The delay observed for the CaLCuV L145A mutant is reminiscent of the TGMV L148A mutant, but unlike TGMV L148A, all of the CaLCuV L145A-inoculated plants eventually developed strong symptoms. To better understand this difference, we examined viral DNA accumulation in plants infected with the CaLCuV L145A mutant on agarose gel blots using a radiolabeled CaLCuV A probe (Fig. 6C). At 7 dpi, high levels of viral DNA were detected in plants inoculated with wild-type virus (Fig. 6C, lane 1), while none of the plants infected with the L145A mutant contained detectable levels of viral DNA (lanes 3 to 7). By 16 dpi, three plants infected with the L145A mutant contained detectable levels of viral DNA (Fig. 6C, lanes 8, 9, and 11), and all of the plants were positive for viral DNA by 25 dpi (lanes 13 to 17). The level of viral DNA at 16 and 25 dpi was variable, ranging from high amounts to trace amounts. These results resembled the TGMV DNA accumulation patterns seen for the L148 valine substitutions (Fig. 3), suggesting that the CaLCuV L145A mutation is not stable in plants.

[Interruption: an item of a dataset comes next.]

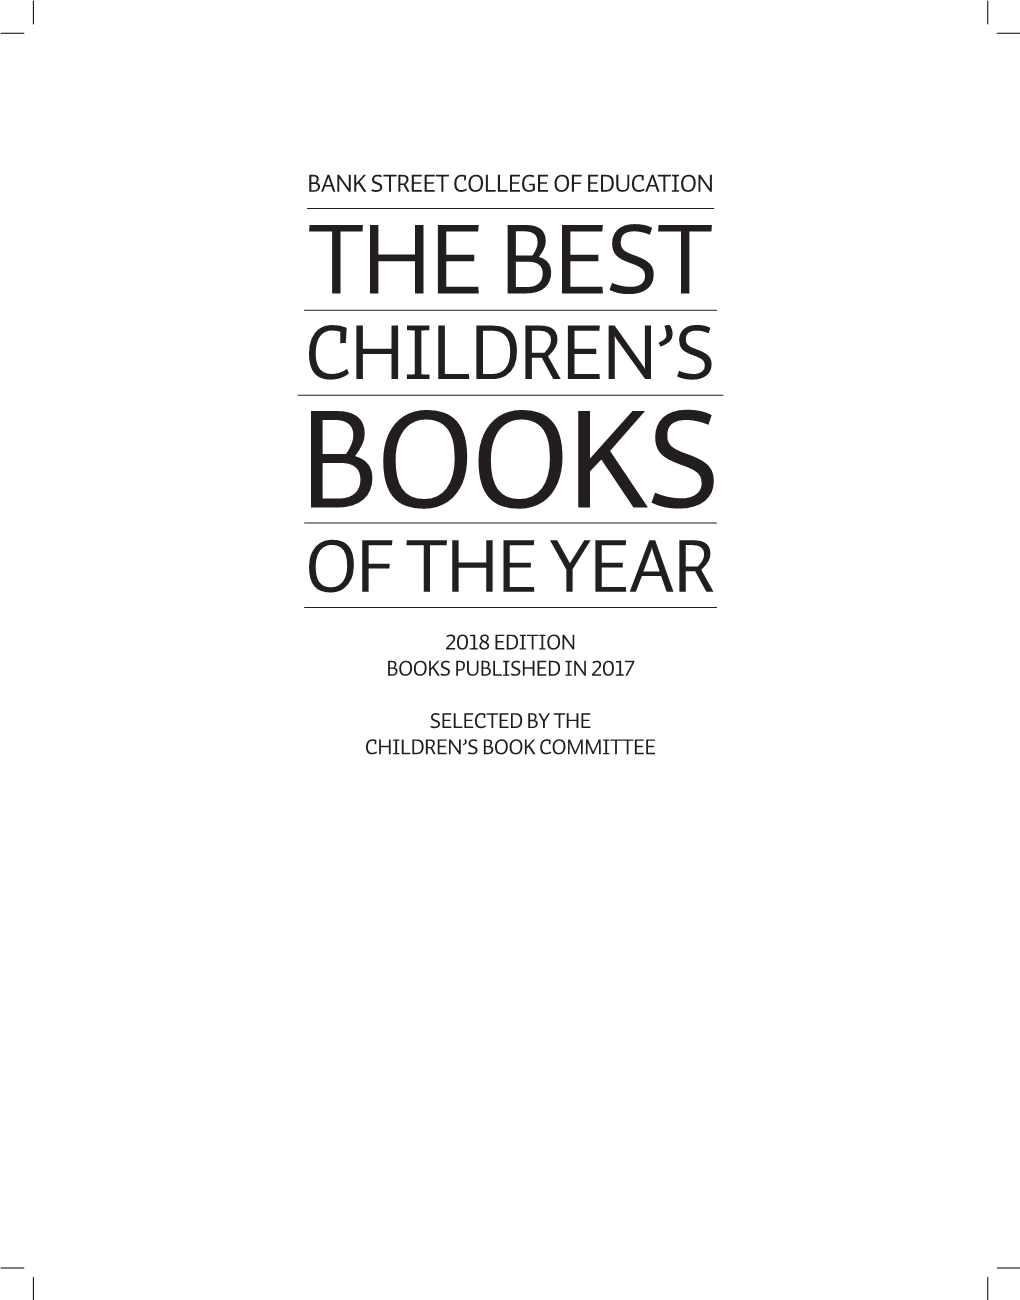 The Best Children’S Books of the Year 2018 Edition Ofbooks the Published Year in 2017 Selected by the Children’S Book Committee the Children’S Book Committee

To determine if the L145A mutation is stable, we amplified an 854-bp fragment comprising part of the CaLCuV AL1 and AL2 genes out of total DNA from symptomatic young leaves of five plants infected with the mutant. Sequencing of the PCR products revealed that the original alanine codon was no longer present in four plants (Fig. 6D). In three plants, a C-T transition had occurred to give a valine codon at position 145. In the fourth plant, a GG-AA double transition produced a synonymous mutation at alanine codon 144 and a nonsynonymous mutation at position 145, resulting in a threonine substitution (Fig. 6D). In a fifth plant, the L145A mutation was maintained, but an A-C transversion changed L167 to isoleucine (Fig. 6A and D).

The preferential reversion of CaLCuV L145A to valine was unexpected because a valine substitution at L148 in TGMV AL1 severely impaired replication and infectivity. The CaLCuV and TGMV AL1 proteins show significant divergence in the residues flanking the helix 4 motif, and substitutions at the conserved leucine may differentially impact the replication of the two viruses. To test this possibility, a fragment containing CaLCuV AL1 amino acids 132 to 349 derived from PCR products of each revertant class was subcloned in place of the homologous region in the wild-type CaLCuV A replicon and sequenced prior to transient replication assays (Fig. 6E). The CaLCuV L145V (Fig. 6E, lane 4) and L145A I167L (lane 5) mutants replicated similarly in tobacco protoplasts, accumulating to ca. half of wild-type DNA levels (lane 3). The CaLCuV L145T mutant (Fig. 6E, lane 6) replicated less efficiently, resulting in only 8% of wild-type levels. The L145A (Fig. 6E, lane 6) mutant was the most severely impaired for replication, accumulating at 1% of wild-type levels. This value is significantly less than that reported previously for TGMV L148A, which replicates to 14% of wild-type levels (2), and more similar to that seen for the TGMV L148 valine mutations (Fig. 1C). Consistent with their replication phenotypes, the subcloned CaLCuV L145V, L145A I167L, and L145T replicons were infectious on plants (data not shown).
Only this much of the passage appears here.